• WHAT NEEDS TO BE DONE: The expected output is each line from the one containing "キャロウェイゴルフ(Callaway Golf) ボタンダウン" to the last line of the data below, set down exactly, minus the pictures.

• INFORMATION SHOWN:
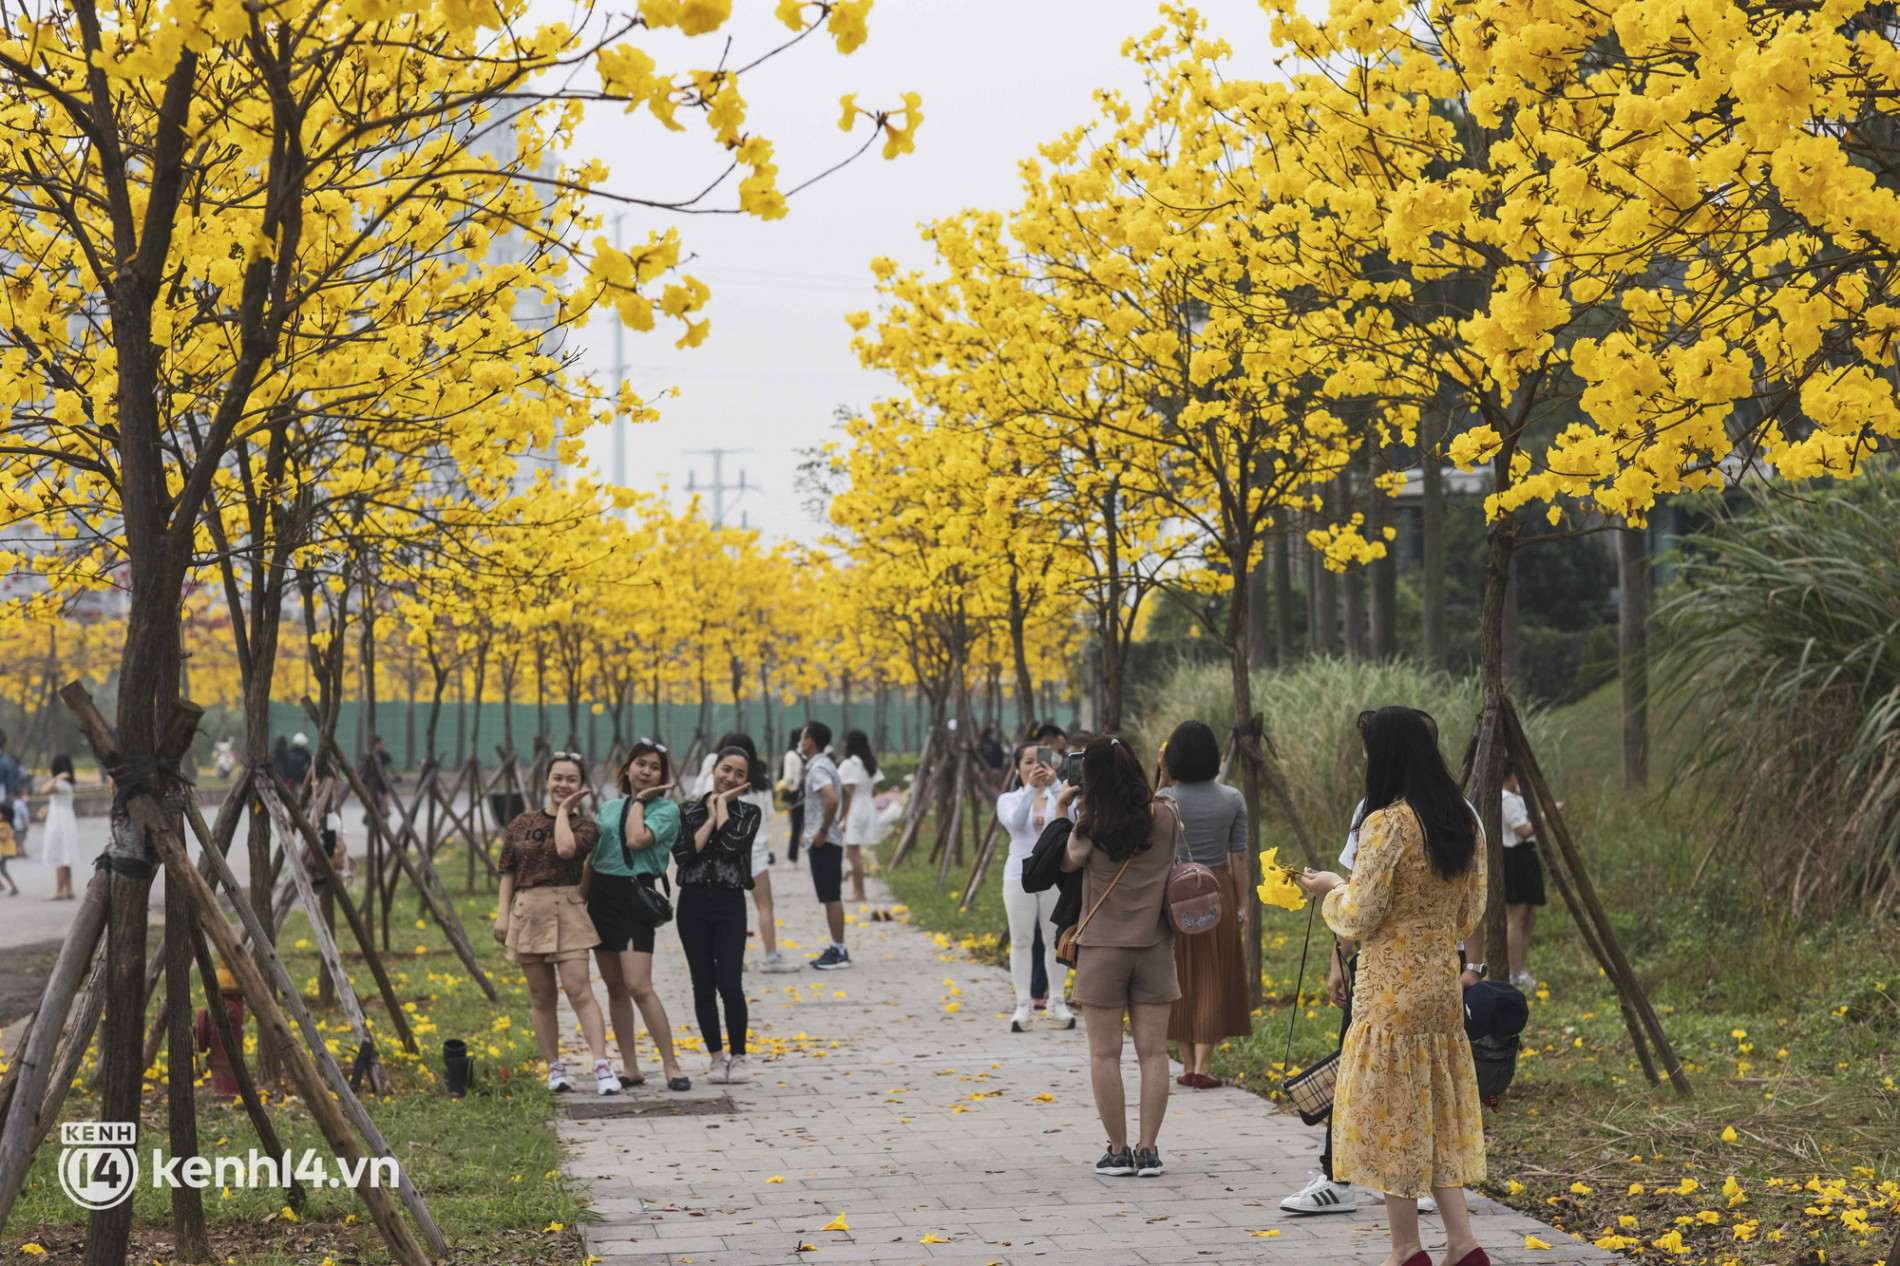 Con đường hoa vàng ở Hà Nội mới nổi 2 ngày đã đông nghịt người kéo đến check-in, có cả ekip “sống ảo” hùng hậu - Ảnh 3.
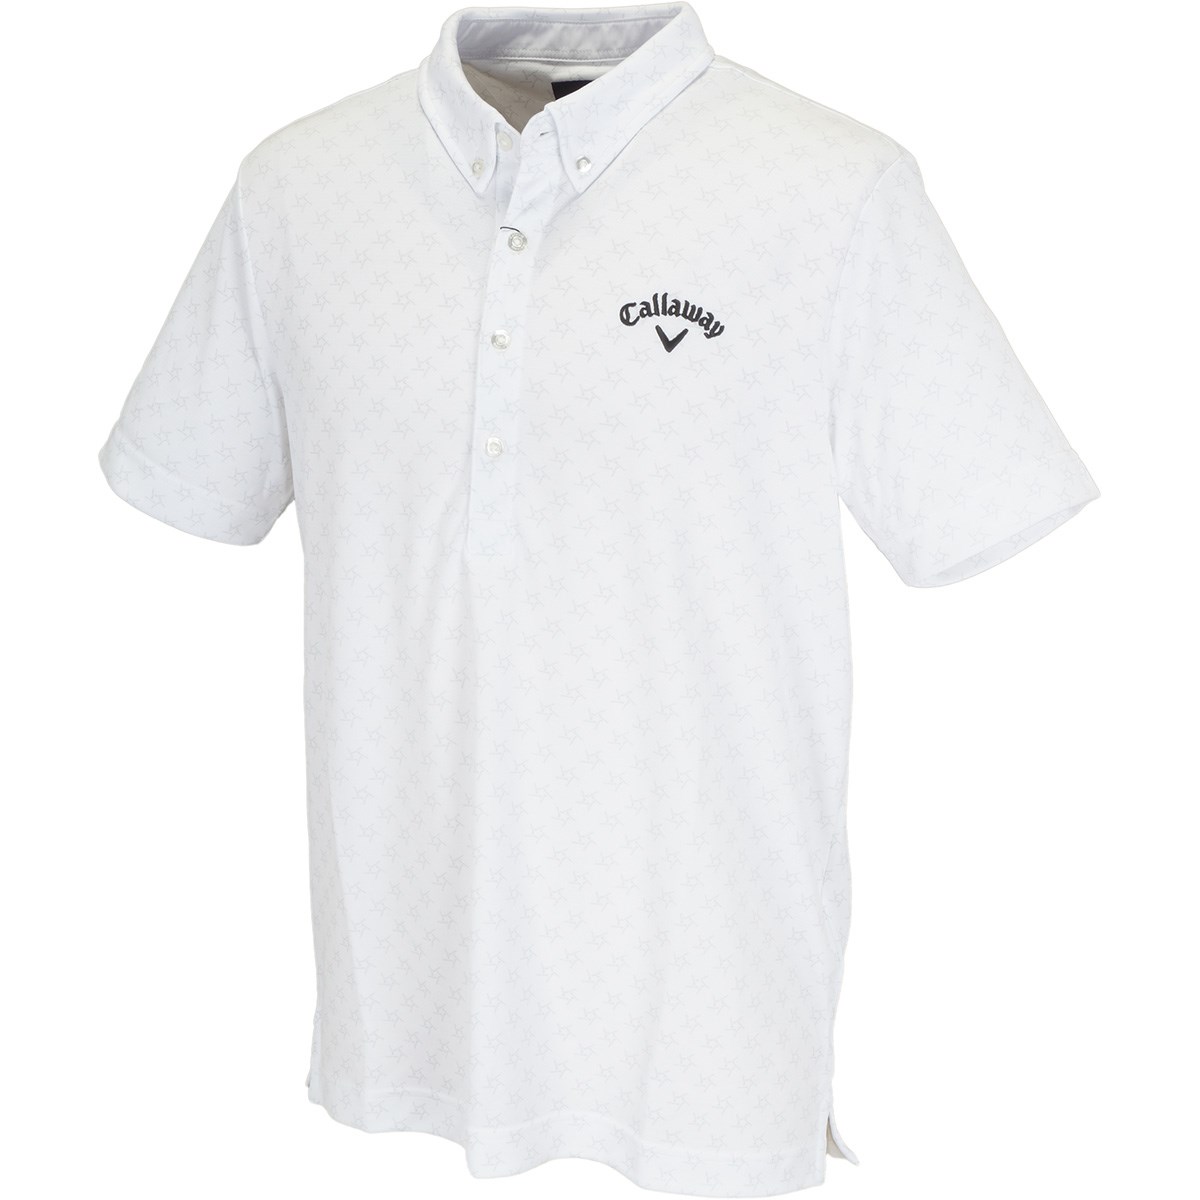 キャロウェイゴルフ(Callaway Golf) ボタンダウン 肌ドライPPクラブスター カラー半袖ポロシャツ 
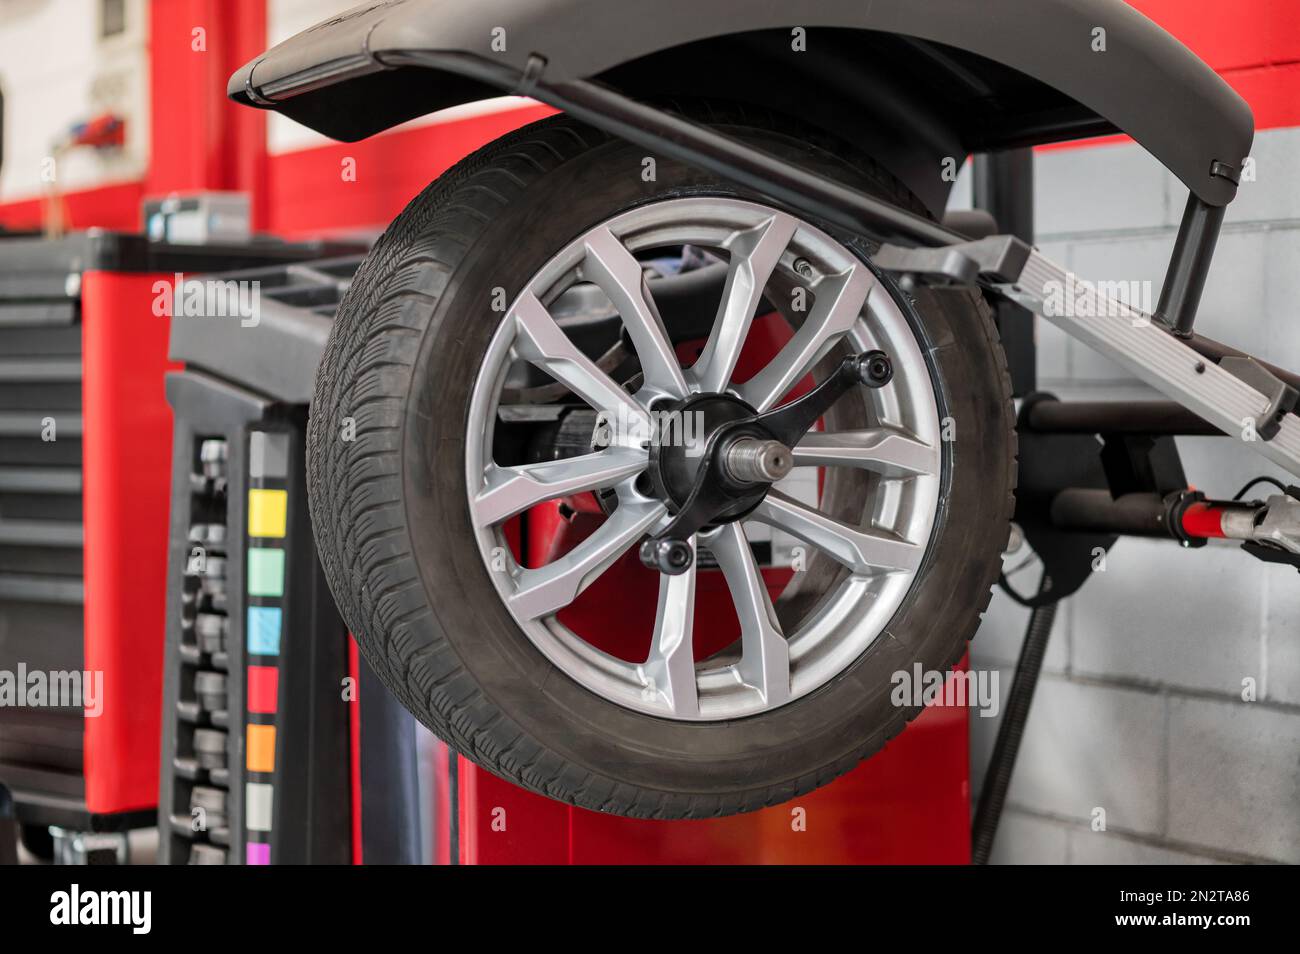 Rueda que cuelga en el equilibrador de la rueda durante el servicio del coche dentro de la tienda moderna del distribuidor del coche Foto de stock

• SOLUTION:
 キャロウェイゴルフ(Callaway Golf) ボタンダウン 肌ドライPPクラブスター カラー半袖ポロシャツ 
 Rueda que cuelga en el equilibrador de la rueda durante el servicio del coche dentro de la tienda moderna del distribuidor del coche Foto de stock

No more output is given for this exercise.